We report a case of ectopic pulmonary embolism following BAE. To the best of our knowledge, this is the first report that a particulate embolic agent caused an ectopic pulmonary embolism and secondary pulmonary infarction during the procedure. According to the literature, the overall complication rate of BAE is 13.4%, including 0.2% with major complications (7). Improper technique has resulted in complications such as hematoma at the puncture site, pseudoaneurysm, stress hypertension, bronchial artery, or aortic dissection (8). Post-embolization syndrome includes fever, chest tightness, chest pain, cough, dysphagia, and hiccups (9). Rare complications encompass tracheal fistula, broncho-esophageal fistula, diaphragmatic paralysis, myocardial infarction, micro-infarctions in renal and splenic tissues, ischemic bowel disease, systemic infarctions, and localized skin necrosis (10–15). Notably, neurological complications are one of the most severe complications of BAE (16, 17). These complications manifest as transient dysfunctions or irreversible impairments (18, 19).

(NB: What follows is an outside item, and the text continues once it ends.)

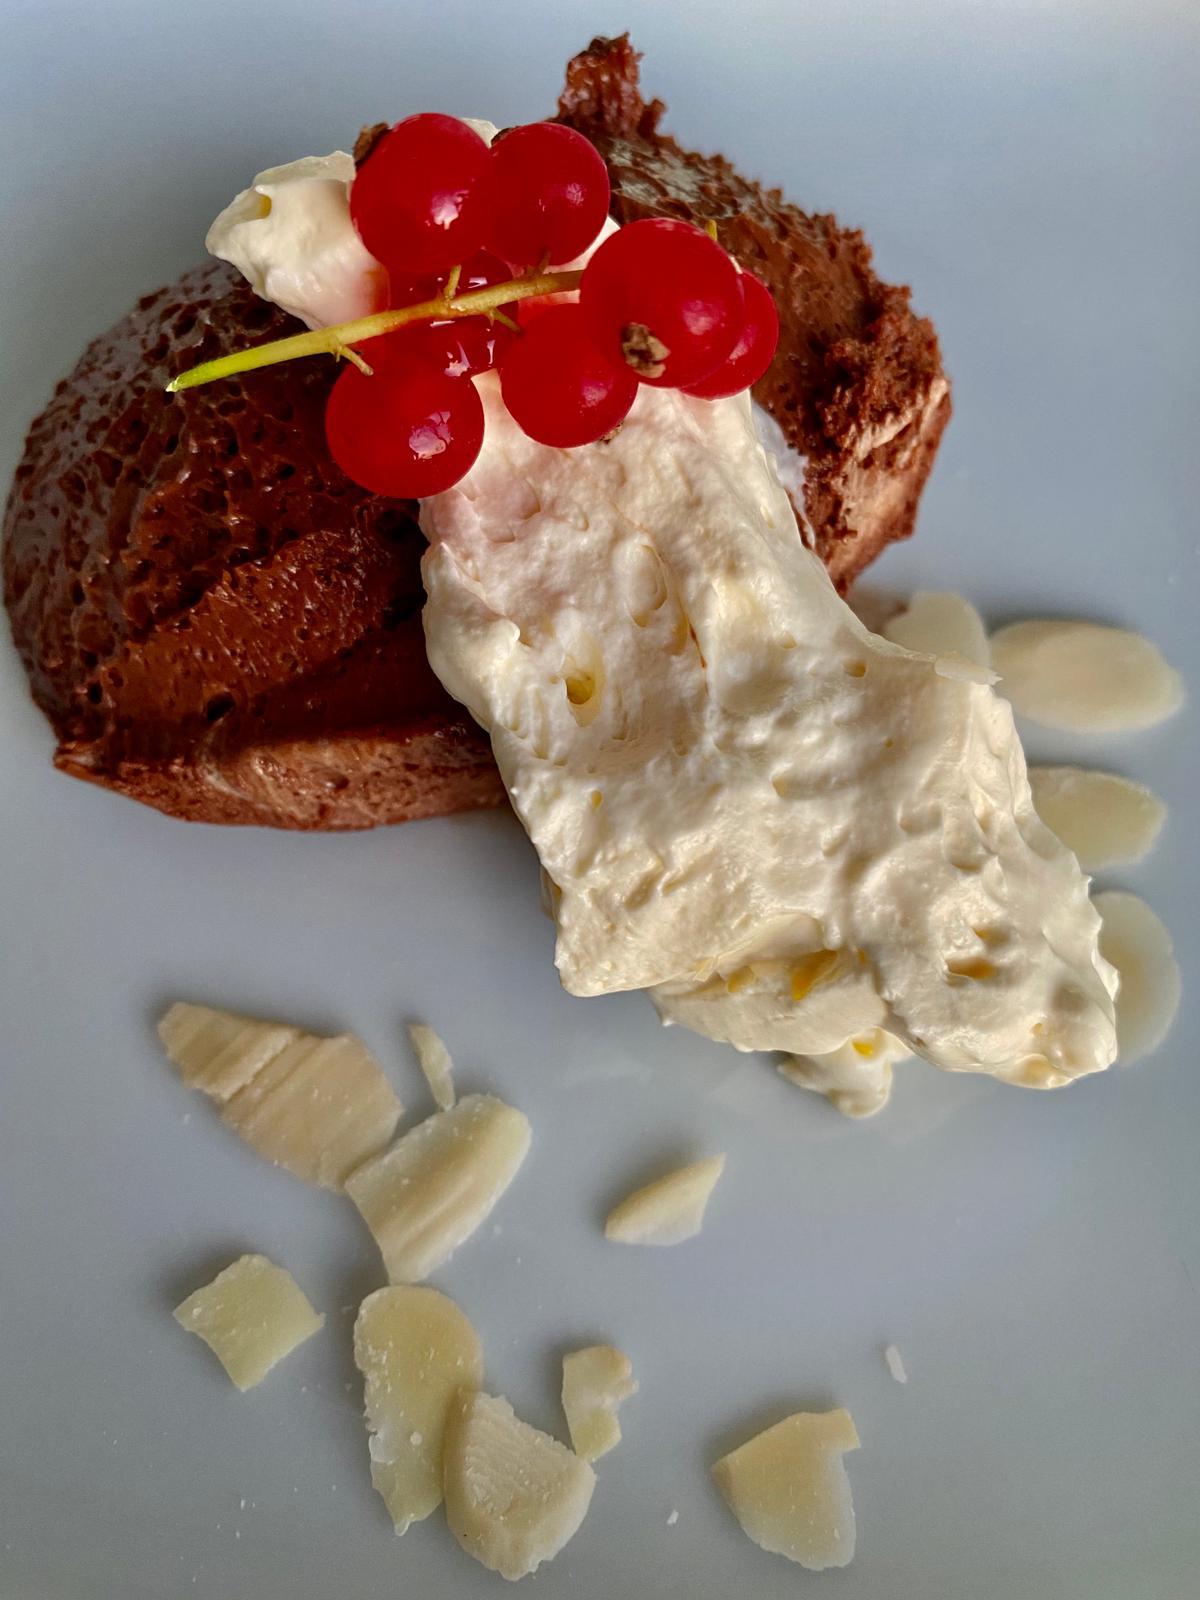 Mousse de chocolate com natas batidas, amêndoa e groselhas

Post-embolization syndrome is one of the most common complications. This may stem from local irritation due to the embolic material and ischemic tissue injury from the embolization of the target vessel. One of the most severe complications of BAE is an ectopic embolism due to non-targeted embolization. Inadequate hyperselective embolization, challenges in super-selection, or suboptimal angiography can result in misembolization. Backflow of embolic material and plaque shedding from the vascular wall may also lead to an ectopic embolism. In addition, anastomosis, especially fistula between the bronchial arteries and other vessels, is the most common cause of ectopic embolization. Embolic agents could pass through anastomotic branches into the pulmonary or systemic circulation, resulting in a pulmonary embolism or even multiple organ micro-infarctions (20, 21). In our case, we revealed two typical bronchopulmonary artery fistulas and successfully embolized these with coils. Another atypical fistula, featuring multiple tortuous and dilated branches, was overlooked and misdiagnosed. An ectopic pulmonary embolism still occurred despite PVA particles with a diameter of 500–700 μm being used. As there were no prior pulmonary diseases, this case is considered a congenital bronchopulmonary artery fistula. Compared to the secondary compensatory collateral circulation, this fistula had a wider diameter, facilitating the passage of embolic particles. This case indicates that it is crucial to identify pulmonary vessel fistulas during BAE. An occult fistula masked by multiple tortuous and dilated bronchial arterial branches may be a potential risk factor for an ectopic pulmonary embolism during BAE. Physicians should be alert to the formation of fistulas during the operation. Digital subtraction angiography (DSA) is the gold standard for the diagnosis of fistulas. In suspected cases, targeted multi-angle angiography is necessary to identify these occult atypical fistulas.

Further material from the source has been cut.